# Mongo T Top for mongo Duskey



## Breeze Fabricators (Oct 2, 2007)

Keith said he could break anything so we used 2 inch schedule 40.:mmmbeer










More pics showing the used leaning post tie in.




























Finished pic with used crows nest modified and installed










3 inchset back added to cushion.


----------



## David Ridenour (Sep 28, 2007)

Sweet as always!:clap


----------



## Murphy's Law (Sep 27, 2007)

Nice top :toast


----------



## Mullethead (Oct 4, 2007)

Thanks Tim 

Nice ! 

My 50 year -old knees should be the weakest link this time out! - forwarding to my fishing buds - 

After you get her tied into the seat, she should be really stout.
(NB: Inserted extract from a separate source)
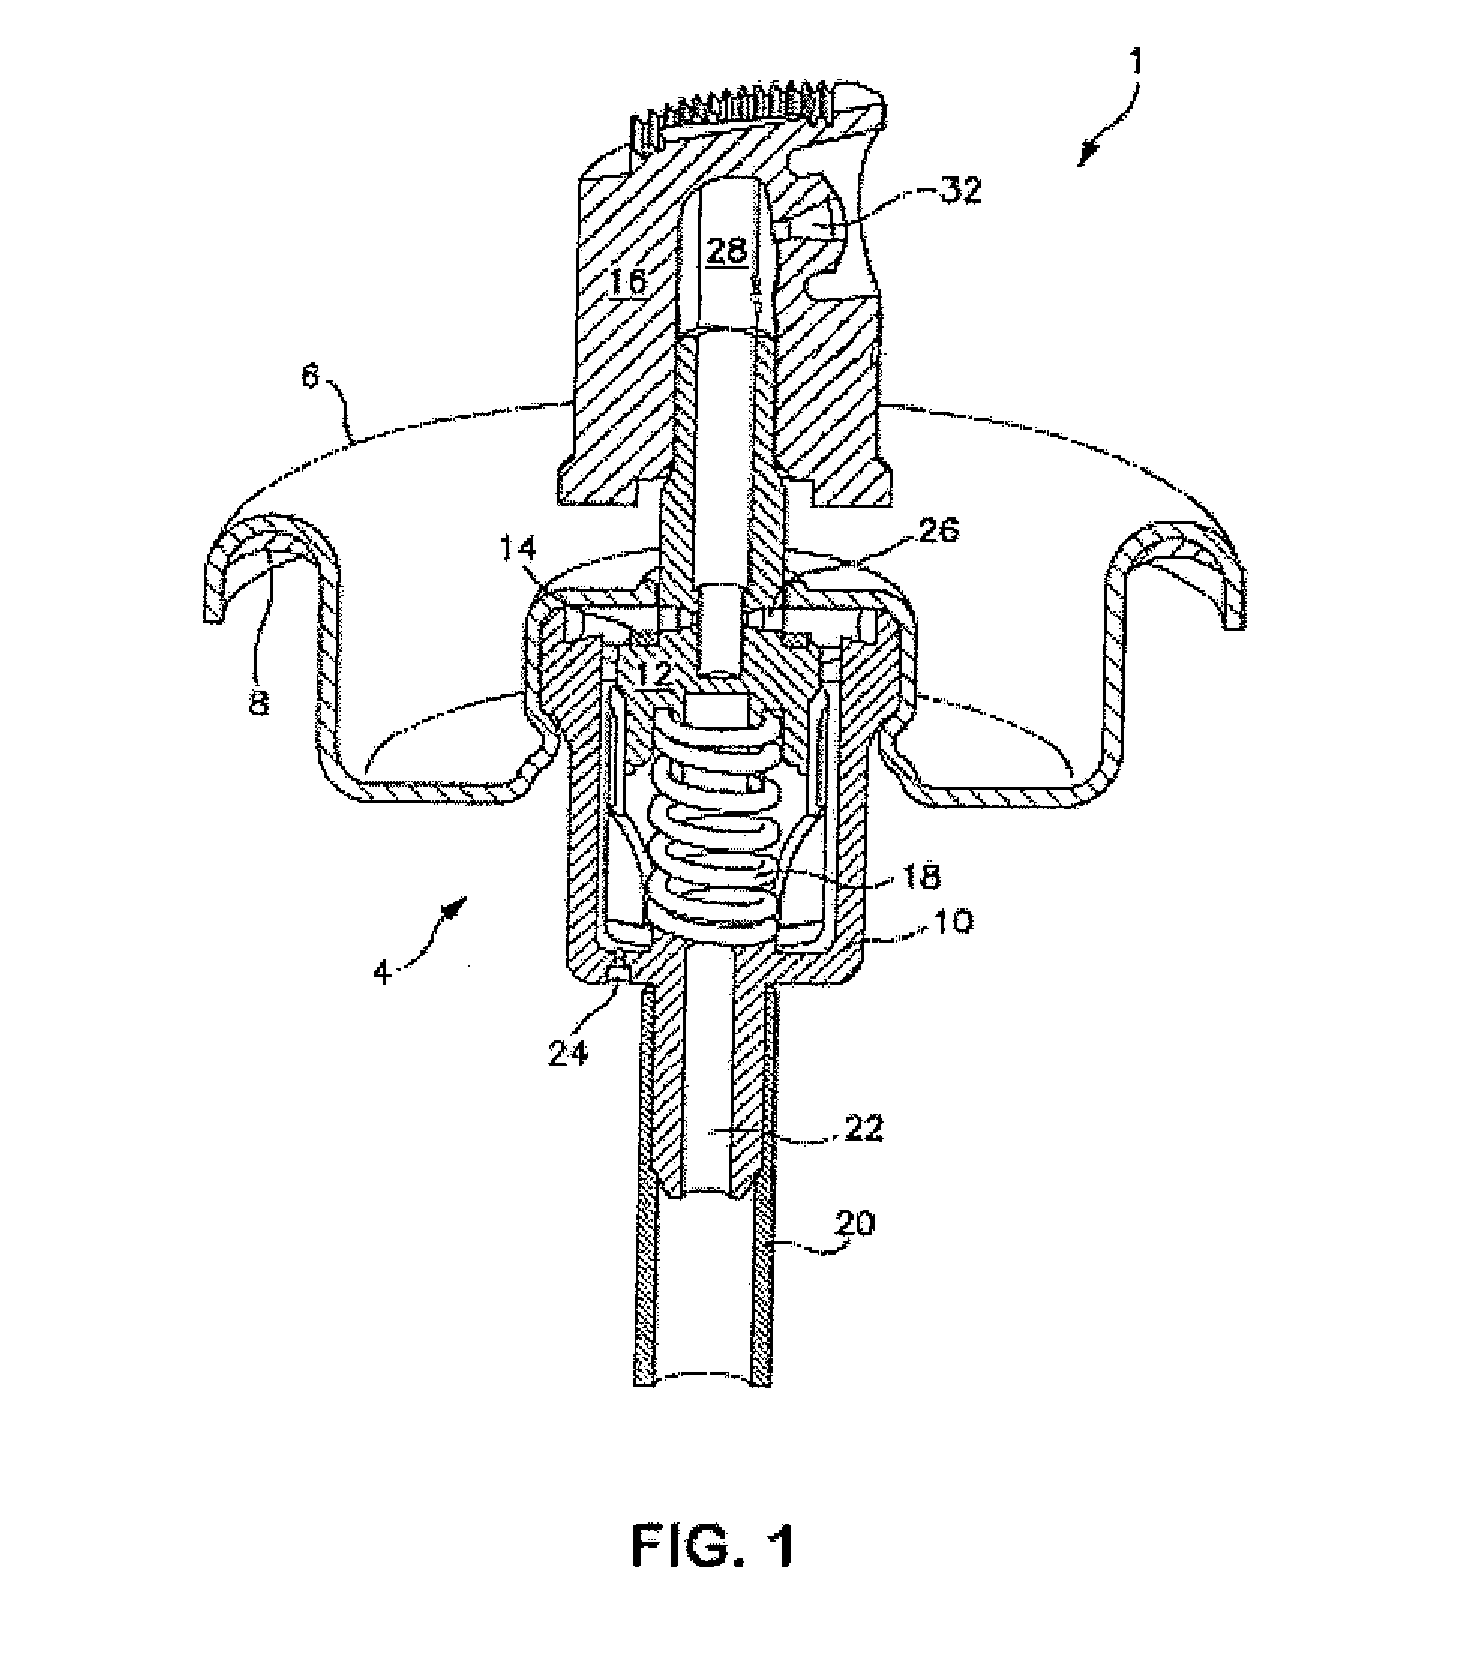 Composition and Aerosol Spray Dispenser for Eliminating Odors in Air
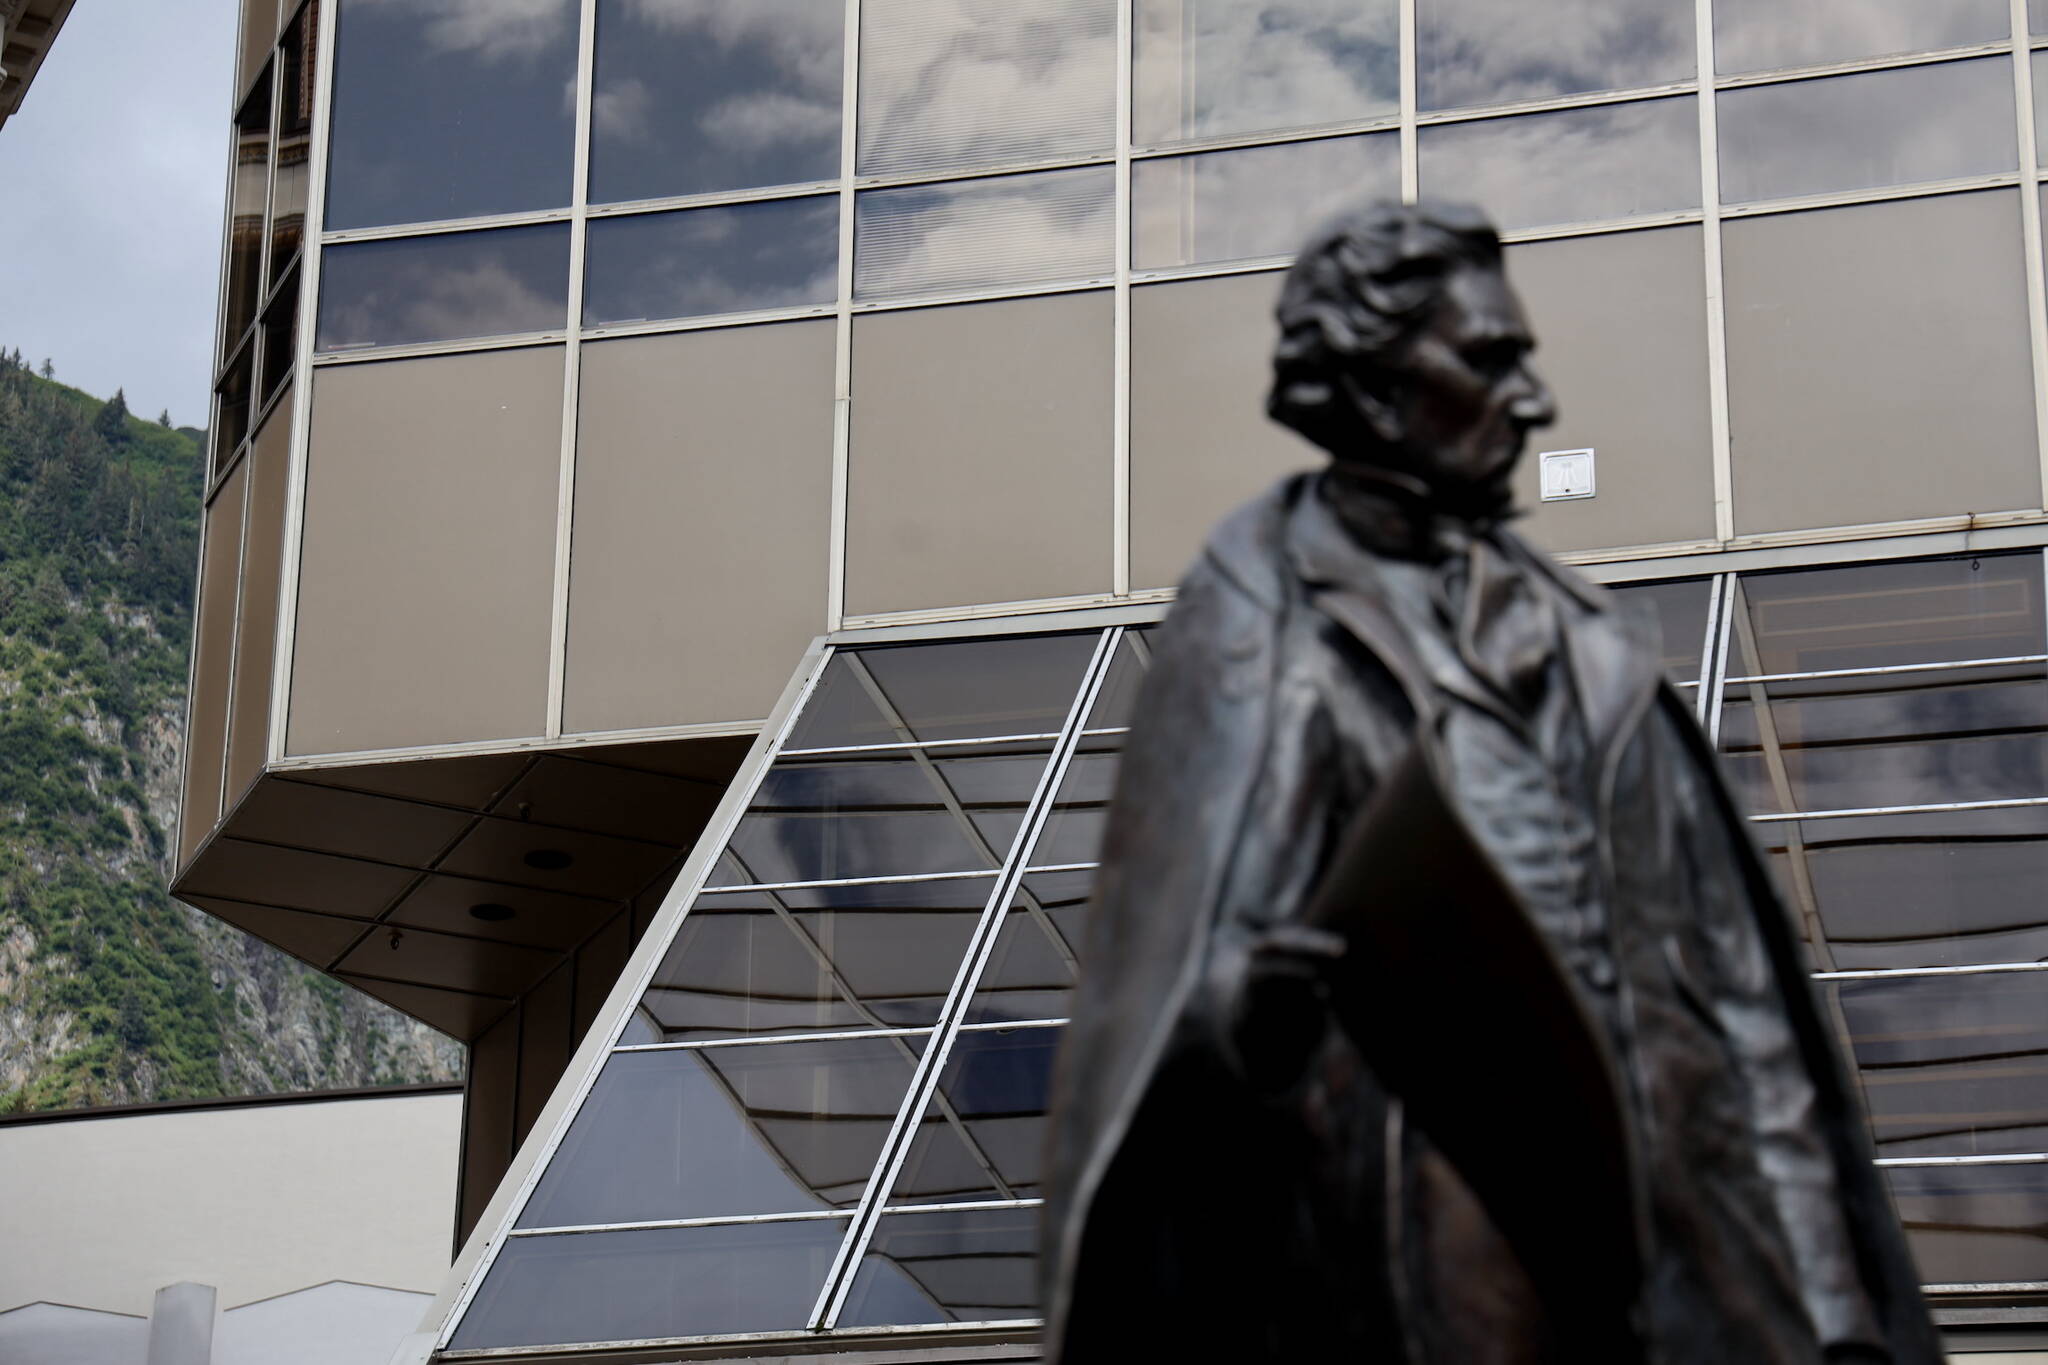 A statue of William Henry Seward stands outside the Dimond Courthouse in downtown Juneau. The family of a Juneau man who died after suffering a blunt-force neck injury filed a wrongful death lawsuit against Carver Construction LLC, arguing it breached its duty to ensure the family’s residence was reasonably safe amid ongoing renovations. (Clarise Larson / Juneau Empire File)

I will swing by and we can talk about the finishing touches 

Keith


----------



## FLWhaler (Oct 1, 2007)

Man that thing looks alot sturdier that the old man at the helmoke Let me know when you get it back back I would love to come by and see all the work.


----------



## Mullethead (Oct 4, 2007)

Hey - I resemble that remark ! 

After Elton put one whole 55 gallon of resin into the bottom, new stringers, additionaltransverse fames, and tims "mongo top,I hopefor reduced down time for aluminum and fiberglass repairs

I might take Tim's comments as a challenge- better go find my knee, back and neck braces -

Lets go Fishing !!!!


----------



## Breeze Fabricators (Oct 2, 2007)

There is a new pic added for Kieth!!!


----------



## FLWhaler (Oct 1, 2007)

Dang Keith I think you could put Carl on top of that thing. Awsome looking.


----------



## Mullethead (Oct 4, 2007)

This one shold hold up for while - I am lookig forward to putting the entire boat to the test -

all that gonna hold me back is the price of gas !


----------